Secondly, peer pressure serves as a rite of passage. Whatever decision you choose, you will learn from. Typically, people give in and later realize that they’ve developed a problem or they’ve achieved something good. In that type of situation, they learn that they’ve either done wrong or right. Thus, leading them to distinguish between their rights, wrongs, and the gray areas in between. Anyone who has supposedly chosen a bad route WILL soon realize what kind of choices they were facing in the first place. And let’s say a person in your age group pressured you to do something useful/productive like drawing, writing, volunteering, etc. If you decided to give into any of their suggestions, it depends on whether or not you like it or gain anything from it. The most important thing is that you’ve ended up learning more about what you want in life, just by doing something you haven’t done much of before. In other cases, you can surely give your name a better reputation; anything could happen and you can surely find something slightly positive within your end results. Because again, the thing that matters the most is that you were able to learn from your experience with peer pressure. Not sure if anyone has forgotten, but learning is essential and is a good thing. You need to learn in order bend things around to make something of use to you, and peer pressure should be seen as a form of learning. It could’ve been yourself, someone else, or anything that you’ve learned. Whatever it is, you’ve found something that has helped you in some sort of way, and what lead to that was peer pressure itself.
It’s obvious that peer pressure can involve drugs as long as the instigator insists you take them. Of course the person will push you to feel obligated to drink if they insist. But must it really be associated with only drugs and alcohol use? (A. Crawford, B. Novak) Your friend could also force you to find interest in a new store to shop at, or telling you to work for a soup kitchen for positive recognition. It doesn’t always have to be as compromising or bad as drugs, peer pressure can be linked to anything in between good or bad.

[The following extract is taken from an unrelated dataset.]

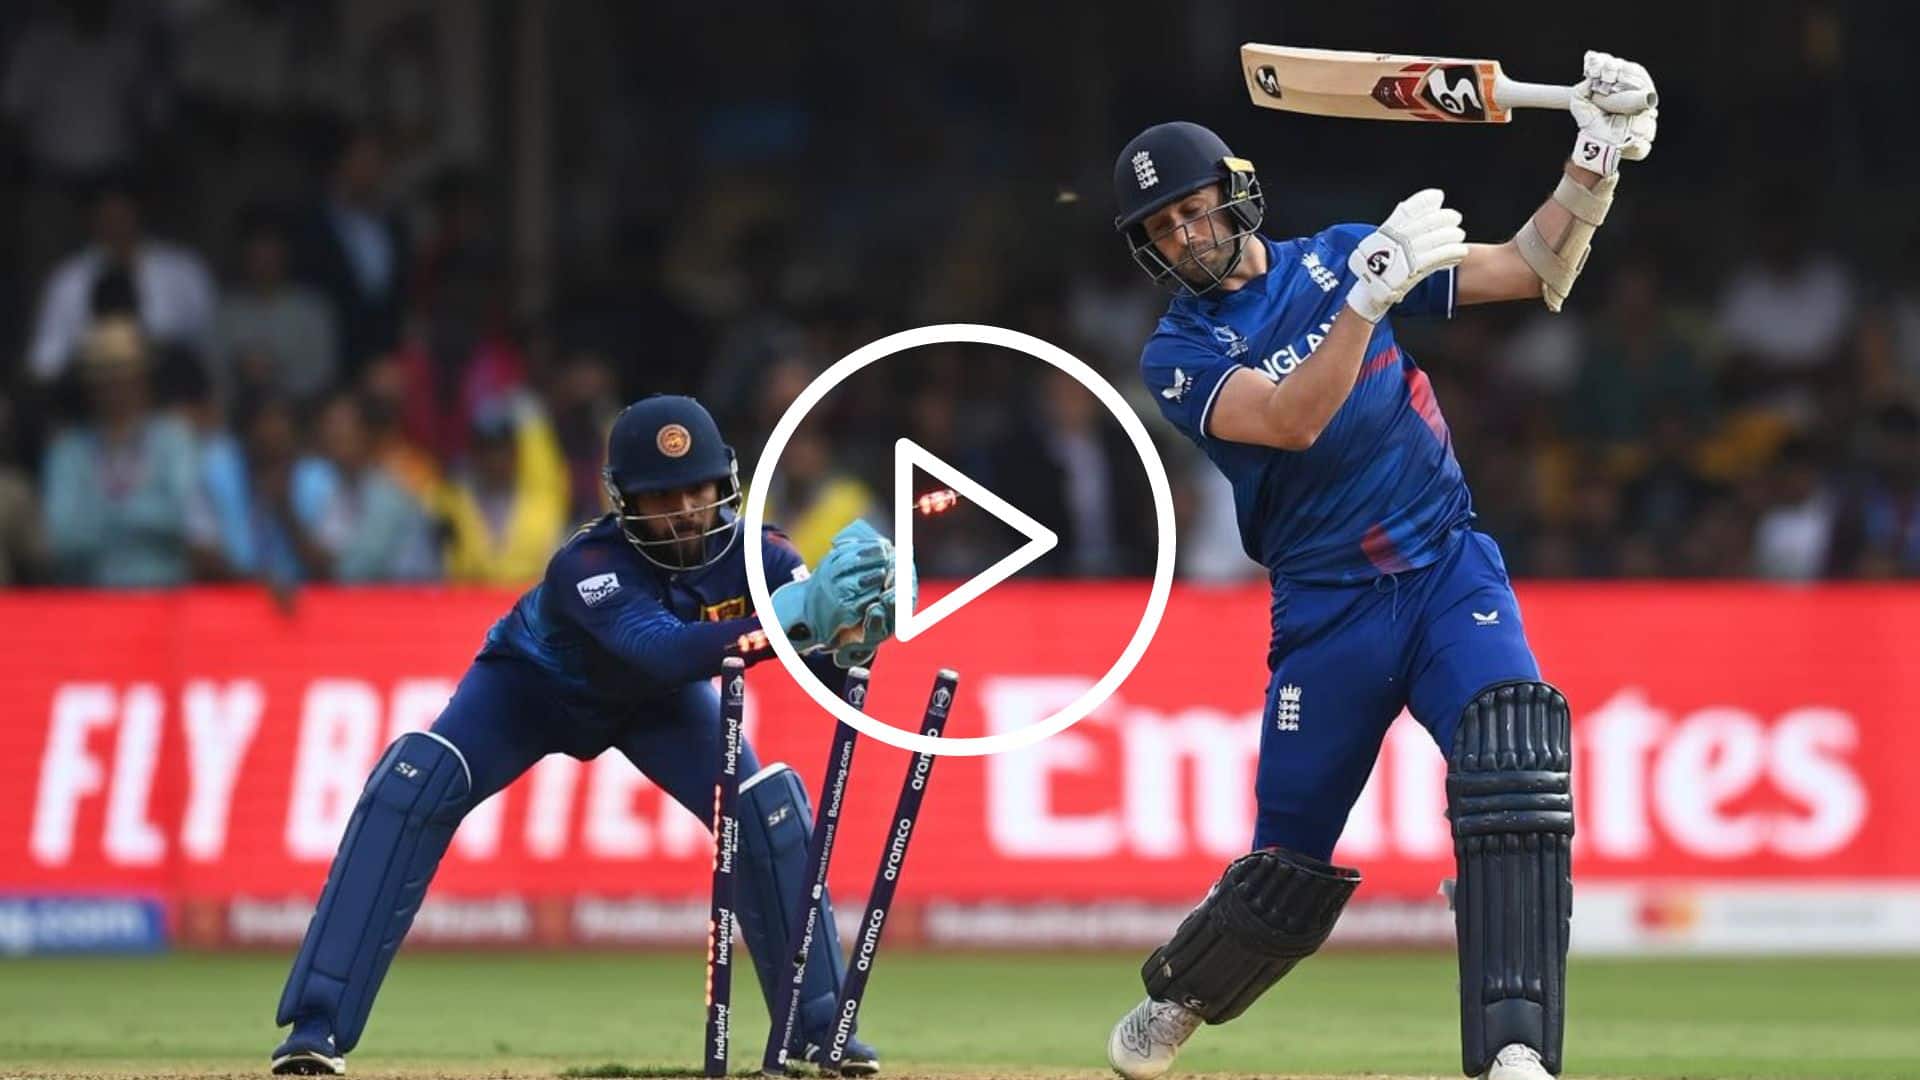 [Watch] Maheesh Theekshana Magical Mystery Delivery Bundles Out England For 156

If there’s anything else I should add for you to consider, it is that us humans learn in many different ways, especially through experience. Experience is what we learn the most from, because we do things based off of it everyday. Knowing this will allow us to embrace the existence of peer pressure and understand the good parts about it. People always desire to gain something from any act they take on. It’s a quality of us that leads us to work towards any goals we have in mind. Peer pressure does not hesitate to take advantage of this human characteristic, so that’s why we usually give into it; we want to get something good out of peer pressure. Thus, people who pressure you into doing something will try giving you a good reason to do it (i.e. “Volunteer at our church! You get hours coupled with your high school credit and every boss will want to hire you!”). It’s always up to you to decide, and being decisive will become of great use to you. So again, peer pressure doesn’t necessarily have to be a bad thing. It helps hone your ability to decide quickly and effectively while letting you choose what you want to gain from it. That’s the interesting part about peer pressure, you can confront your own ethicality and what you truly want; even if you say “no,” you get the benefit of making the best choice for yourself.

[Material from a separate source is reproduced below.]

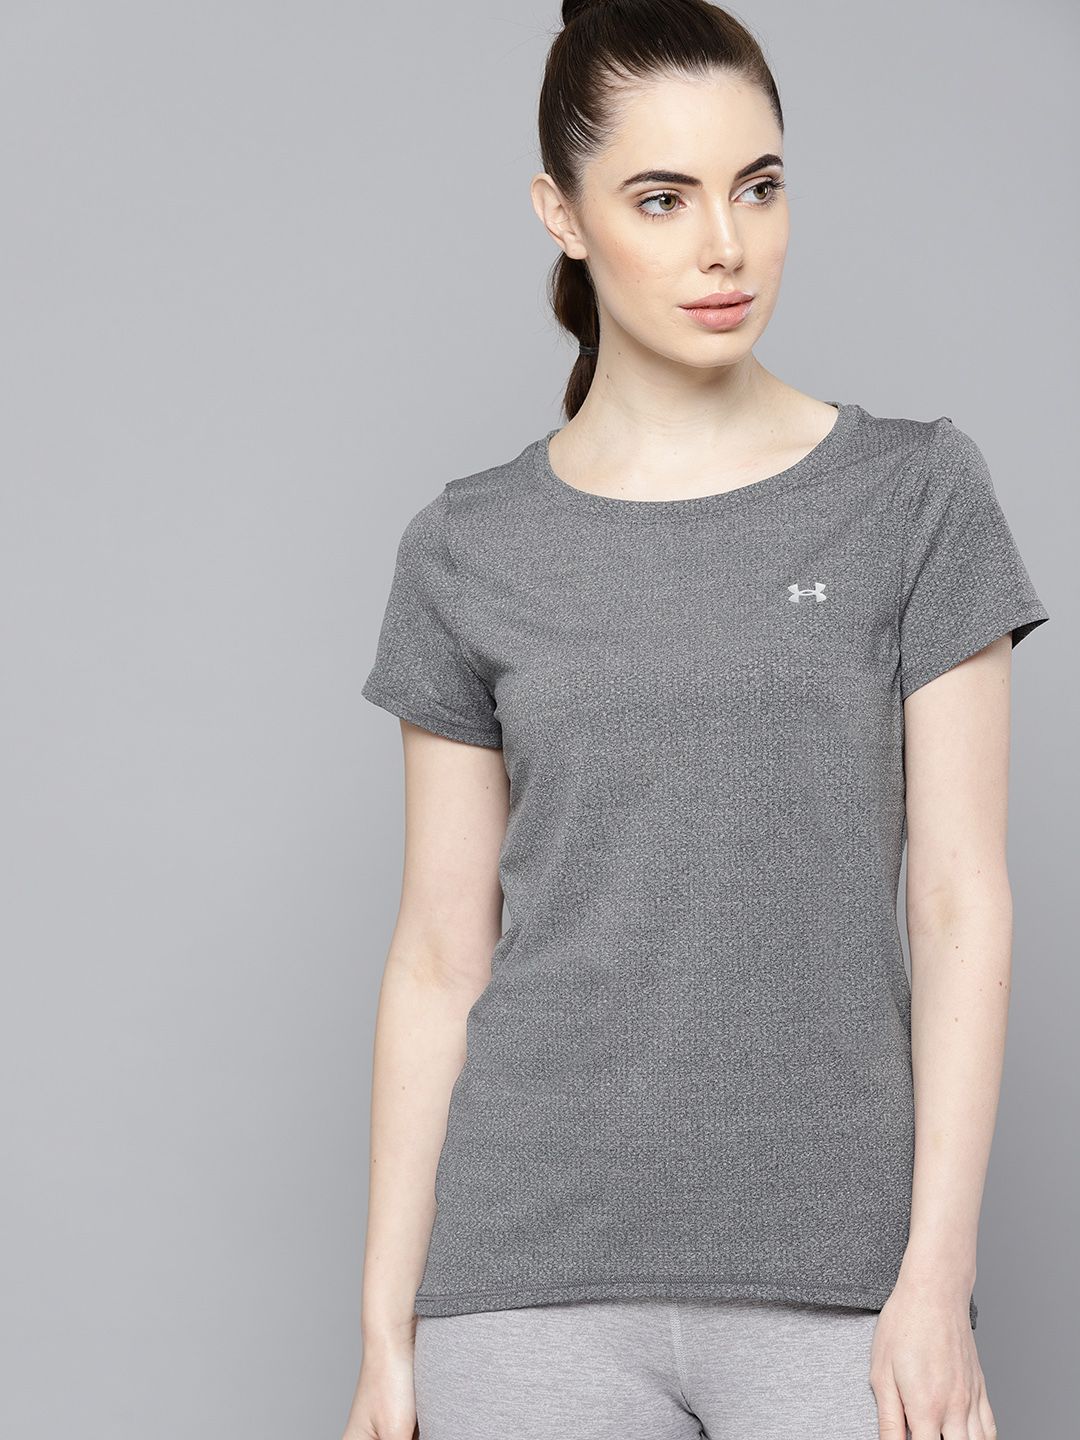 UNDER ARMOUR Women Charcoal Grey Solid HeatGear T-shirt Price in India

To sum it all up, peer pressure shapes your aptitude of making quick & sensible decisions. Peer pressure can be seen as a form of learning and can help you make better decisions in the future. So parents in the future should tell their kids that they should take advantage of peer pressure. That they should learn how to use it for their own sake, to help them find their way to their own ambitions. They should be taught to understand that peer pressure is more than just drugs and alcohol; that it’s a tool to get through their complicated lives. Children should be taught that they have to become well-decisive, and through the constant presence of peer pressure, it helps them make better decisions. Instead of overlooking peer pressure as a black and white idea, why not look for the obvious gray areas within it, and make it useful to yourselves? Because after all, peer pressure will not disappear no matter how completely harmful you think it is. It’s about time we started making good use out of it, as it’ll exist for as long as humans are still around.